McGrath tries to get Seahawks to turn corner

In his third season in Wilmington, the former UNC assistant believes his team is coming together

Coach C.B. McGrath starts his third season at UNC Wilmington convinced the Seahawks are ready to take a step forward. (Daniel Lin / Daily News-Record Via AP)

Coming off back-to-back 20-loss seasons and with star big man Devontae Cacok now playing for the South Bay Lakers of the NBA’s G League, UNC Wilmington basketball coach C.B. McGrath needed all the good news he could get heading into his third season with the Seahawks.

And he got some recently, courtesy of the NCAA, which granted waivers that will allow transfers Mike Okauru and John Bowen to be eligible immediately rather than having to wait until next season to play.

Shooting guard Okauru is a former four-star prospect who started his career at Florida. Bowen is a 6-foot-7 wing from Belmont Abbey. The North Carolina natives are just two of the seven newcomers (including four veteran transfers) McGrath is counting on to help turn things around and finally get his program headed in the right direction.

The other two transfers are 6-foot-8, 255-pound German Marten Linssen from Valparaiso, who will be asked to do the bulk of the heavy lifting on the low post, and 6-5 graduate student Carter Skaggs, who averaged 7.1 points per game at his former school, Washington State.

Despite having only five returning players from last year’s team, McGrath said that the Seahawks are “ahead of the curve” when it comes to building chemistry and learning to play together thanks to an exhibition trip the team took to Italy this summer.

UNCW split its two games overseas.
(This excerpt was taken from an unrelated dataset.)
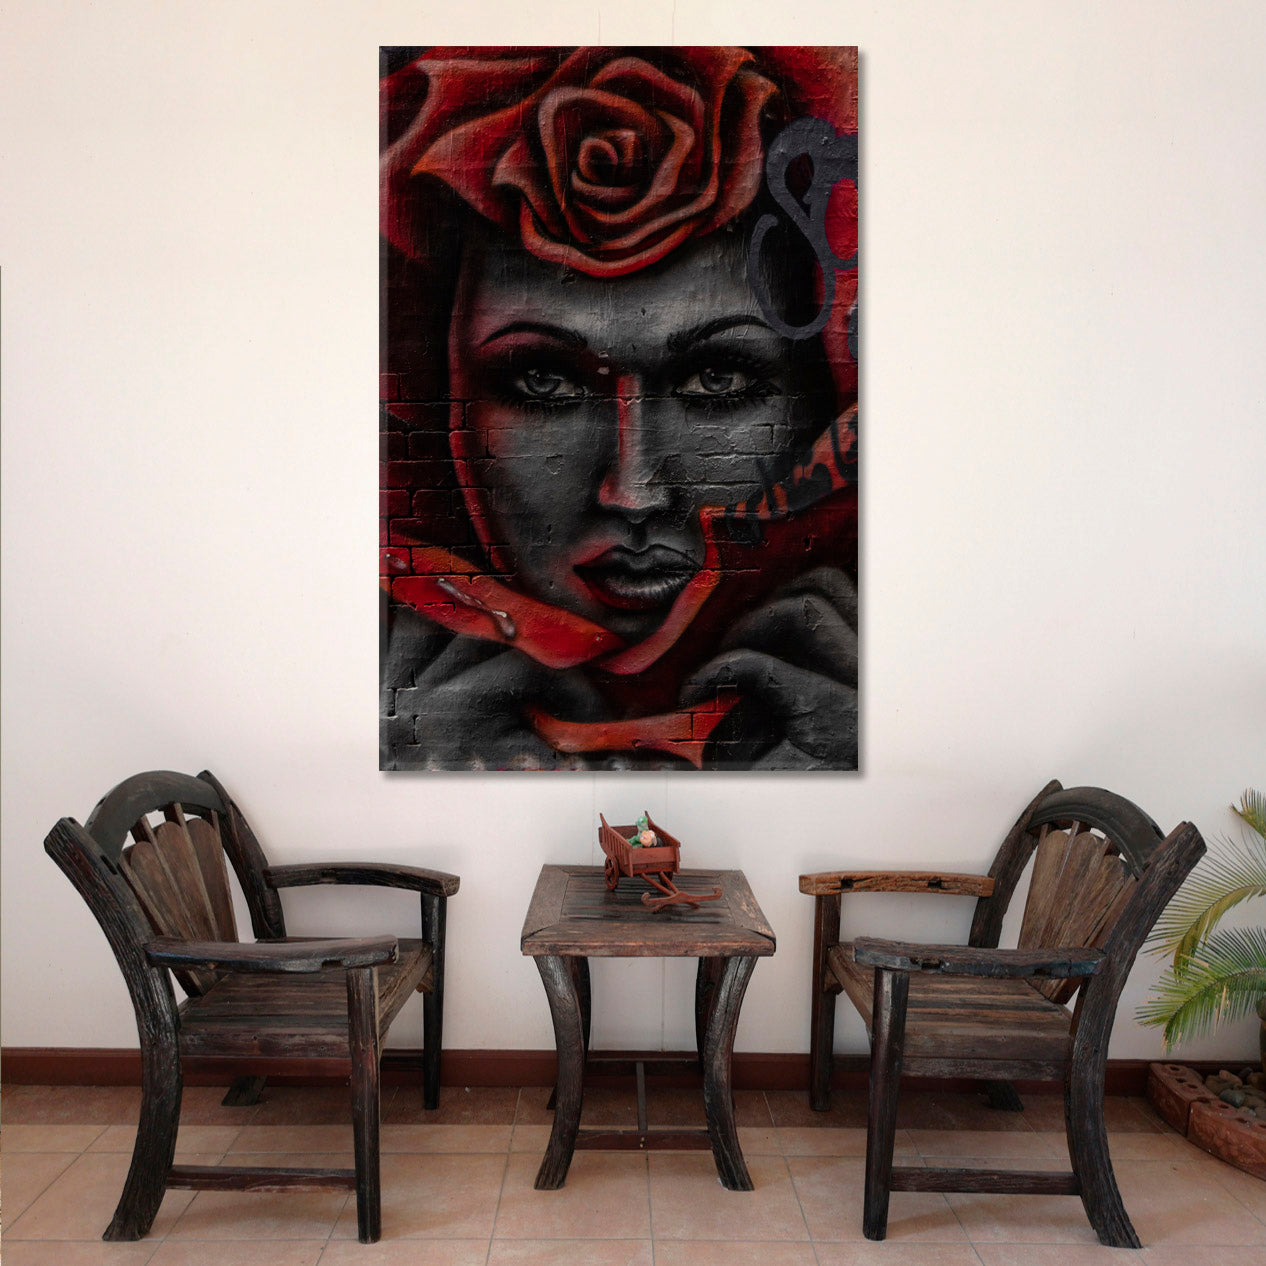 Contemporary Black & Red People Portrait Wall Hangings Artesty

But according to the former North Carolina assistant — whose current team will host the Tar Heels at Trask Coliseum on Friday — the results were secondary to the bonding experience the tour provided.
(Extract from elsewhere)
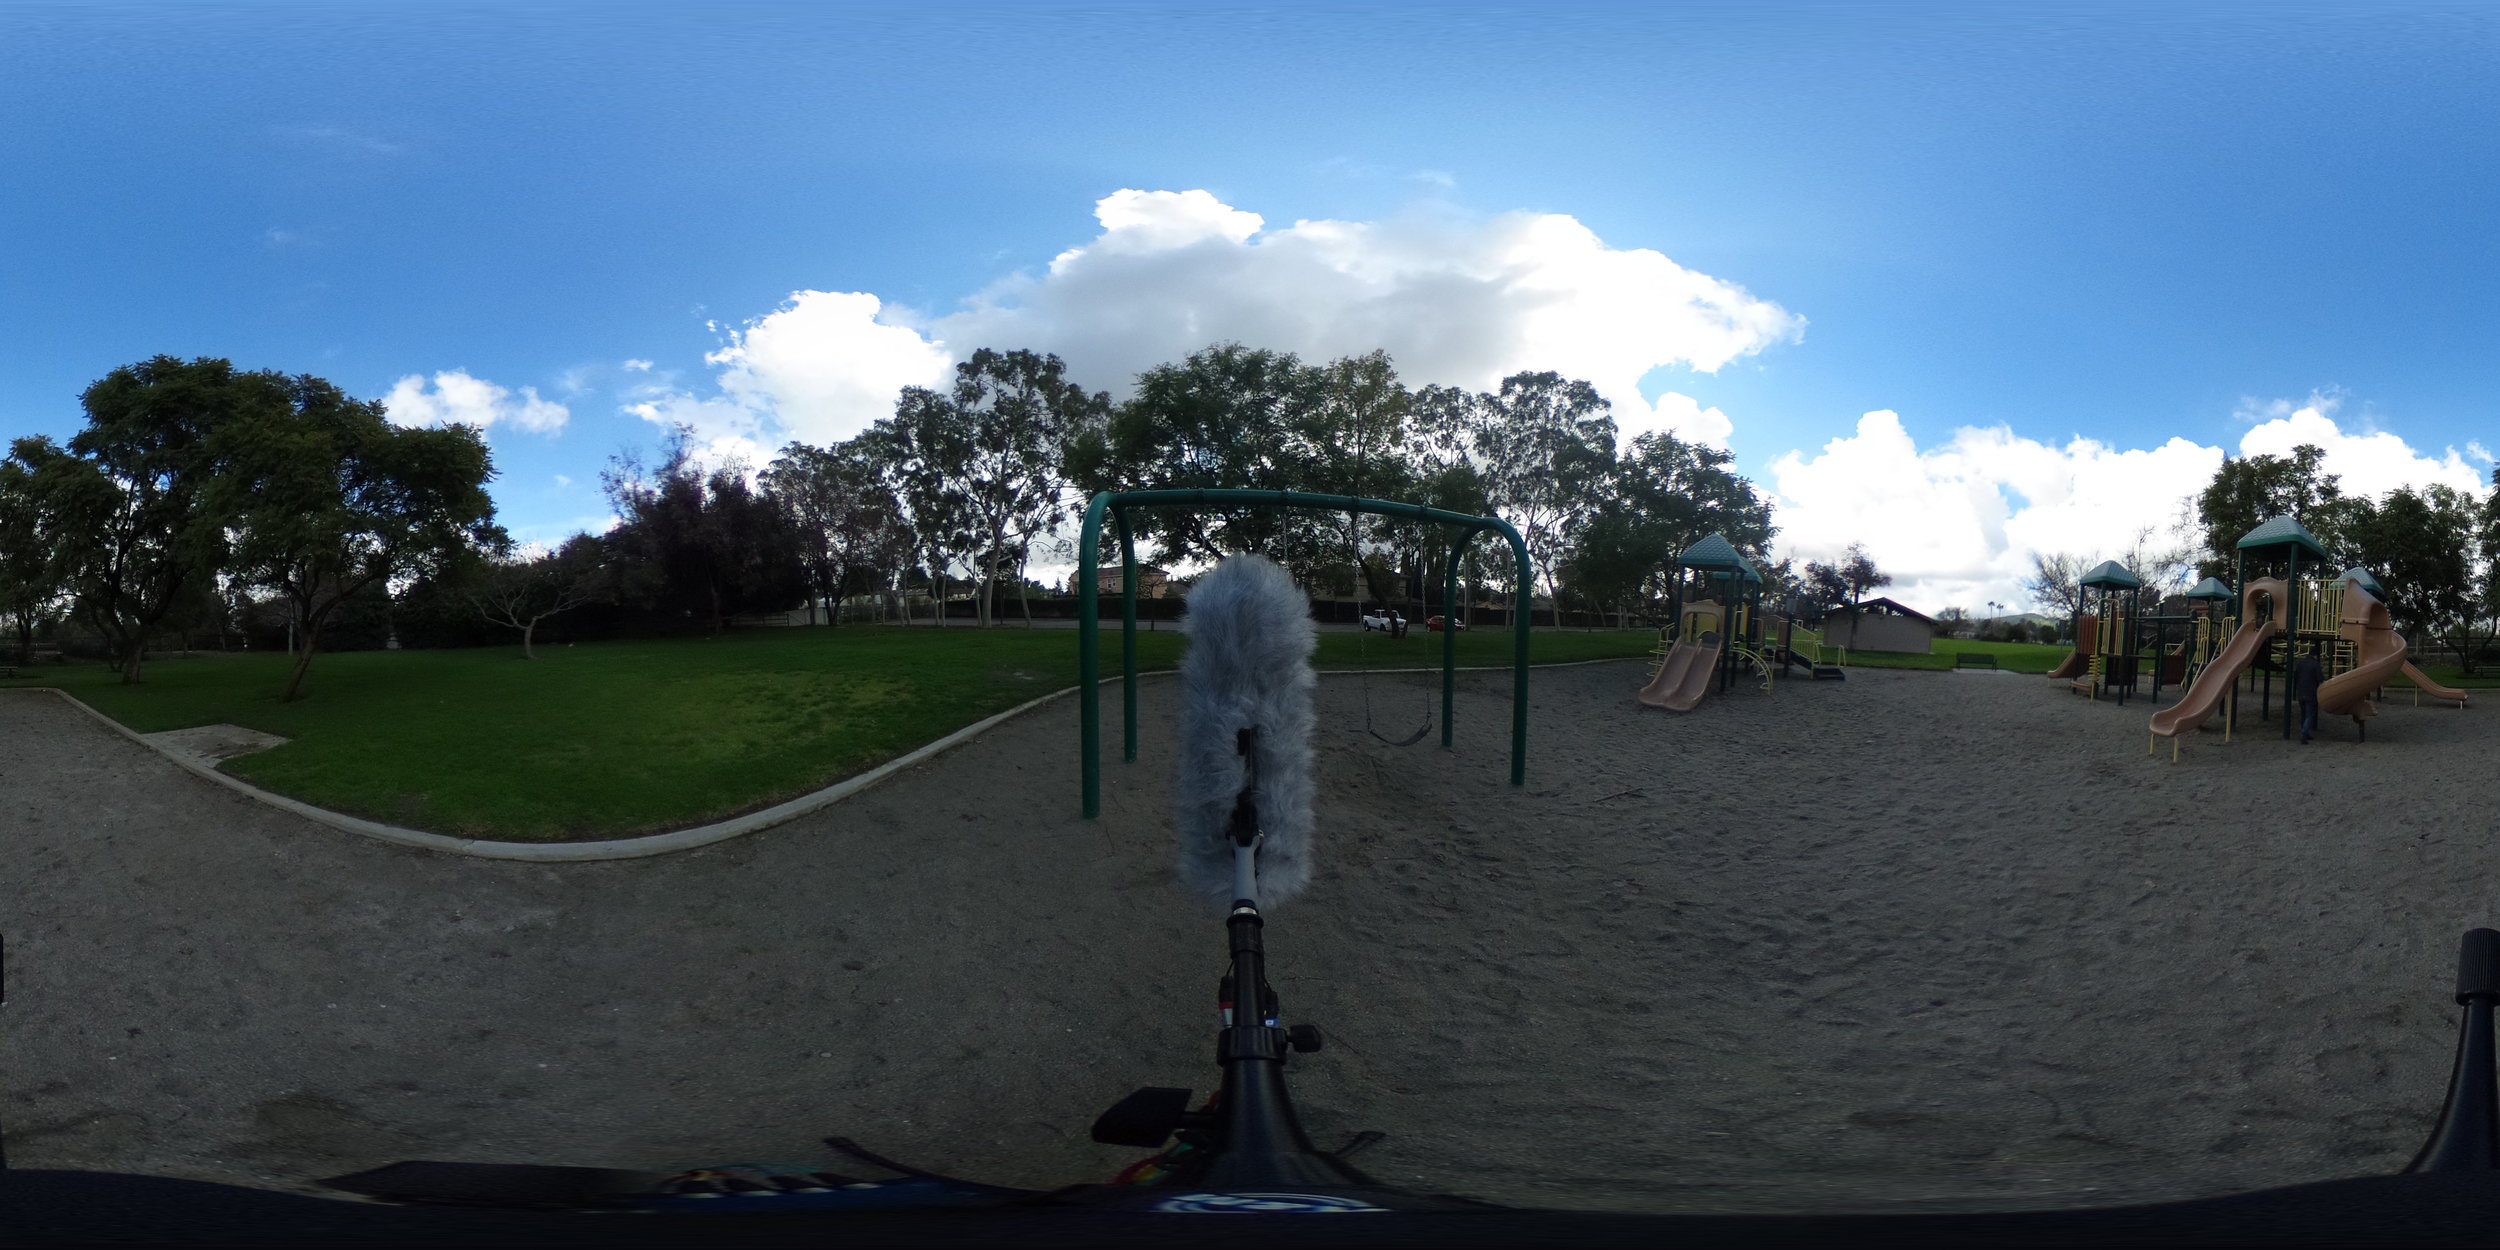 EXT_Day_Park_TwoSwingsSwinging_DistantTraffic_360PictureReference.JPG

“I think they got to know each other a lot more in a foreign country where you can’t use your phones 24/7 and you’re staying nine days away from home, with your teammates, so that really helped,” McGrath told the UNCW student newspaper, The Seahawk. “They all want one thing, and they all want this program to be successful. When everybody’s on the same page, it seems like everything is meshing better than it has.”

As much as the Seahawks will miss Cacok, who led the nation in field goal percentage as a sophomore, rebounding as a junior and double-doubles as a senior, this year’s team won’t be without its share of star power.

The difference between Cacock and sophomore point guard Kai Toews is that while the former was a finisher, the latter is a distributor with the ability to make everyone on the court with him better.

Toews, a 6-2 native of Tokyo, Japan, set a school record with 253 assists as a freshman last season. His average of 7.7 assists per game ranked him second in the nation behind only first round NBA draft pick Ja Morant of Murray State.

Of the other returners, junior guard Ty Gadsden is the top scorer at 11.5 points per game. Junior guard Jay Estime averaged 7.5 points per game as a starter, and sophomore wing Jaylen Simms averaged 5.7 points and 3.0 rebounds mostly off the bench.